因此，我有大量需要处理成 CSV 的文件。每个文件本身都很大，每一行都是一个字符串。文件的每一行可以表示三种类型的数据之一，每种类型的处理方式略有不同。我当前的解决方案如下所示：

    type1_columns = [...]
    type2_columns = [...]
    type3_columns = [...]

    file_list = os.listdir(filelist)

    def process_type1_line(json_line):
       #processing logic
       to_append = [a, b, c, d, e]
       type1_series = pd.Series(to_append, index=type1_columns)
       return type1_series


    def process_type2_line(json_line):
       #processing logic
       to_append = [a, b, c, d, e]
       type2_series = pd.Series(to_append, index=type2_columns)
       return type2_series


    def process_type3_line(json_line):
       #processing logic
       to_append = [a, b, c, d, e]
       type3_series = pd.Series(to_append, index=type3_columns)
       return type3_series


    def process_file(file):
        type1_df = pd.DataFrame(columns=type1_columns)
        type2_df = pd.DataFrame(columns=type2_columns)
        type3_df = pd.DataFrame(columns=type3_columns)

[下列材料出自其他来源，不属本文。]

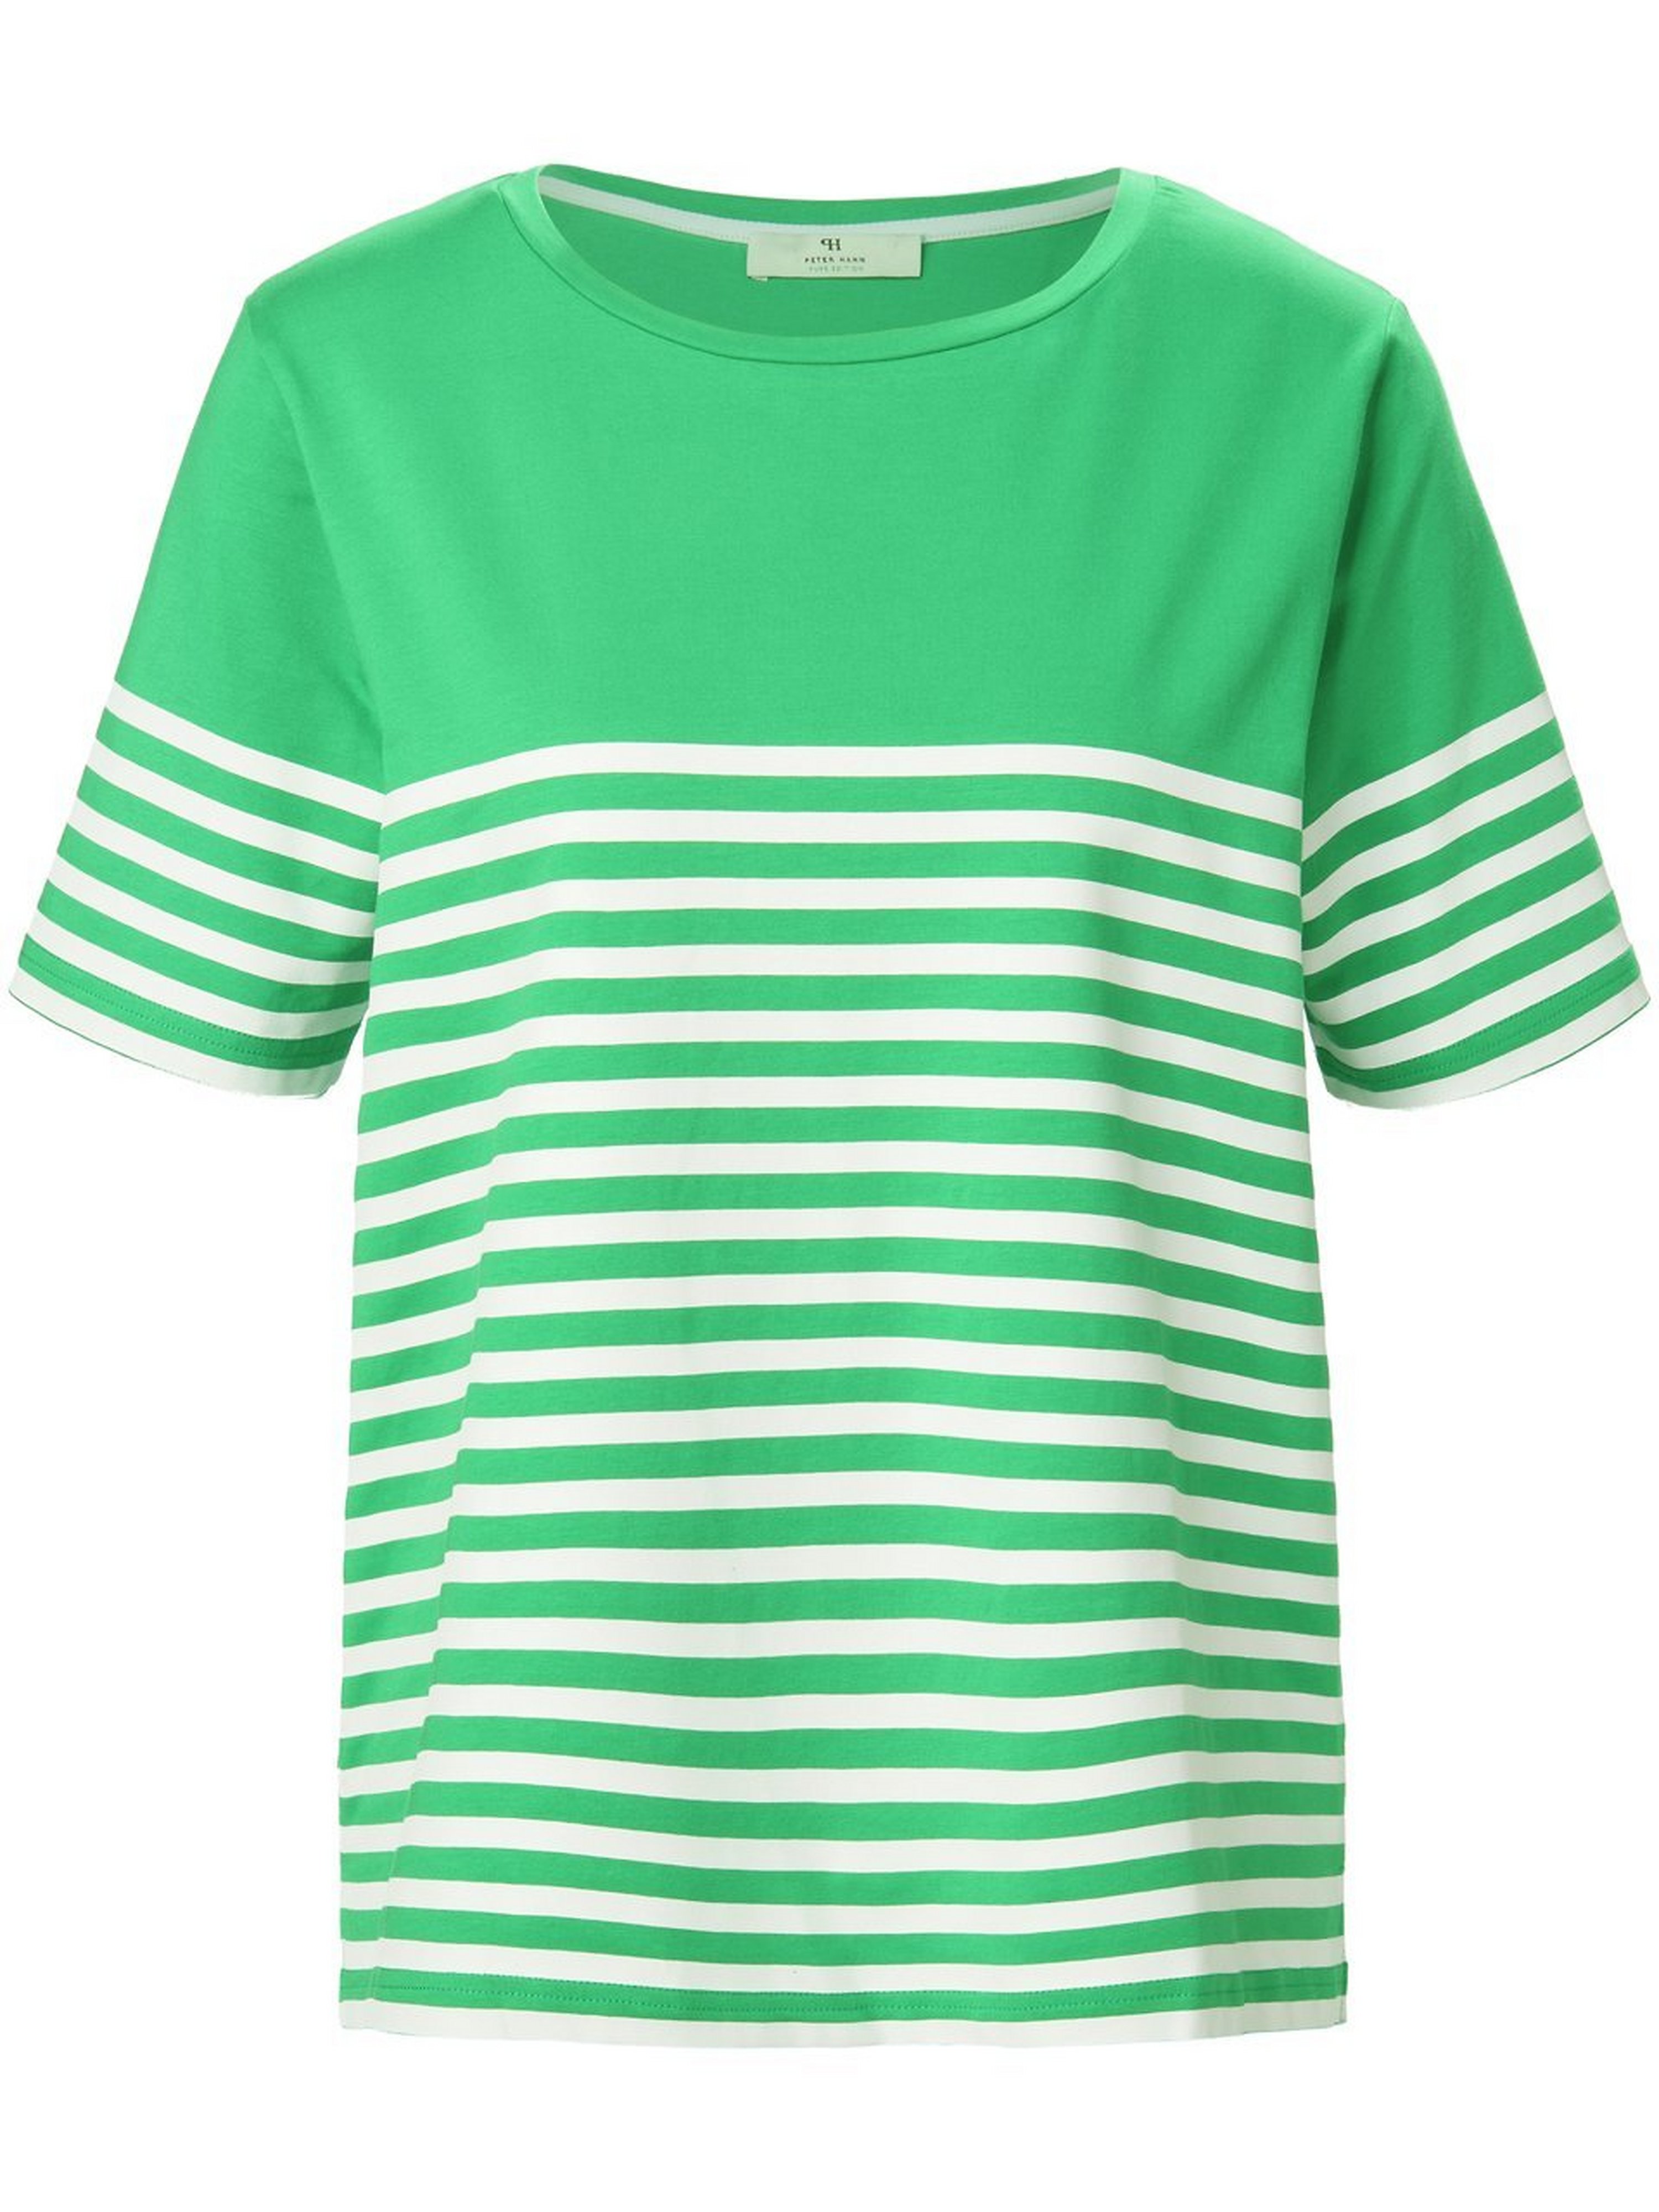 Le T-shirt manches courtes  PETER HAHN PURE EDITION vert
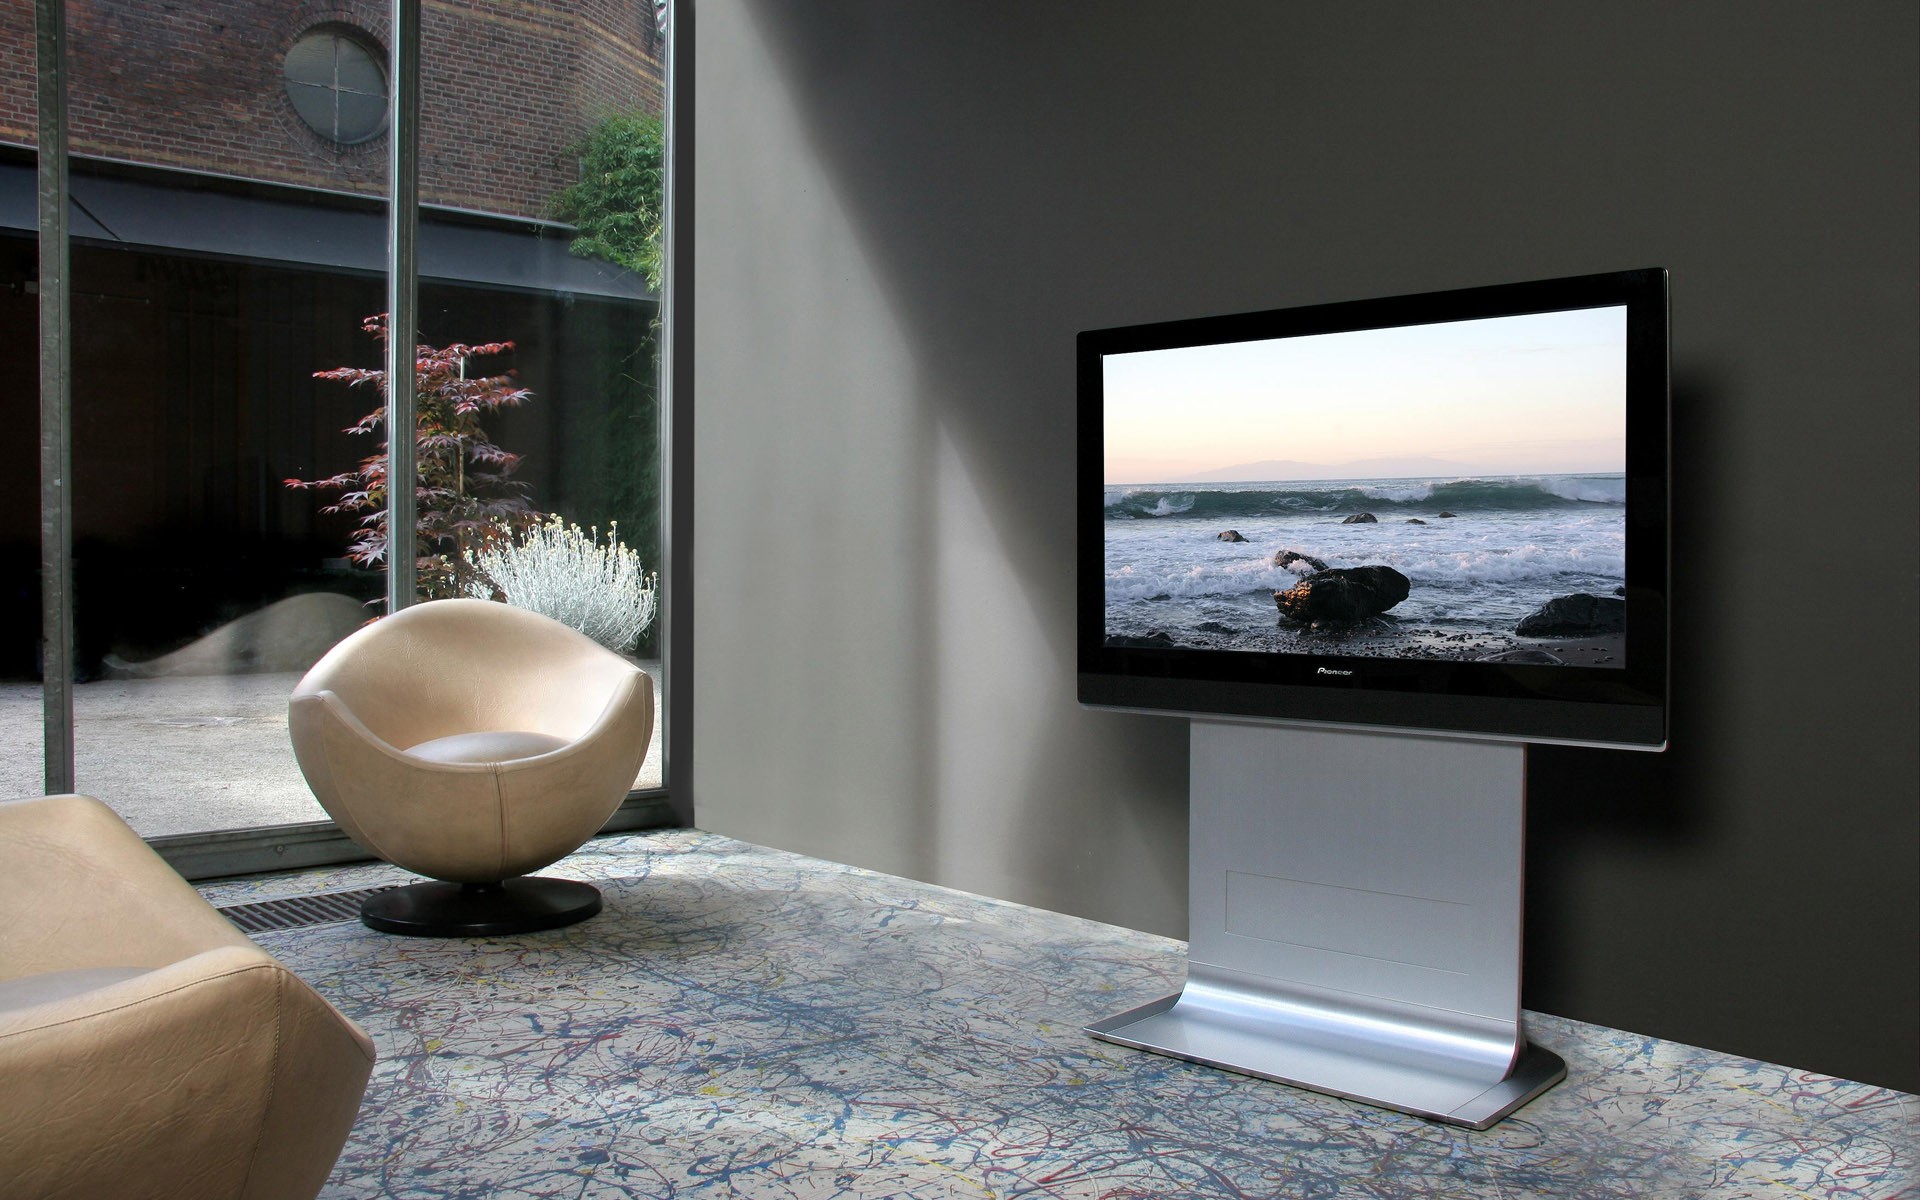 TV, couch, trees, room, interior - desktop wallpaper

        with open(filepath/file) as f:
             data=f.readlines()
             for line in data:
                  #some logic to get the record_type and convert line to json
                  record_type = ...
                  json_line = ...

                  if record_type == "type1":
                       type1_series = process_type1_line(json_line)
                       type1_df = type1_df.append(type1_series, ignore_index=True)
                  if record_type == "type2":
                       type2_series = process_type2_line(json_line)
                       type2_df = type2_df.append(type2_series, ignore_index=True)
                  if record_type == "type3":
                       type3_series = process_type3_line(json_line)
                       type3_df = type3_df.append(type3_series, ignore_index=True)

        type1_df.to_csv(type1_csv_path.csv)
        type2_df.to_csv(type2_csv_path.csv)
        type3_df.to_csv(type3_csv_path.csv)


     for file in file_list:
          process_file(file)

我遍历文件，并为三种不同类型的记录中的每一种创建数据帧。我解析这些行并为每个行调用相应的处理函数。返回的序列将追加到该文件的该record_type的最终数据帧中。处理文件后，三个数据帧将另存为 CSV，然后从下一个文件开始。

问题是这种方法花费的时间太长，我需要数周时间才能处理所有文件。

我试图通过使用多处理（我没有很多经验）来修改我的方法，如下所示：

     with ThreadPoolExecutor(max_workers=30) as executor:
          futures = [executor.submit(process_file, file) for file in file_list]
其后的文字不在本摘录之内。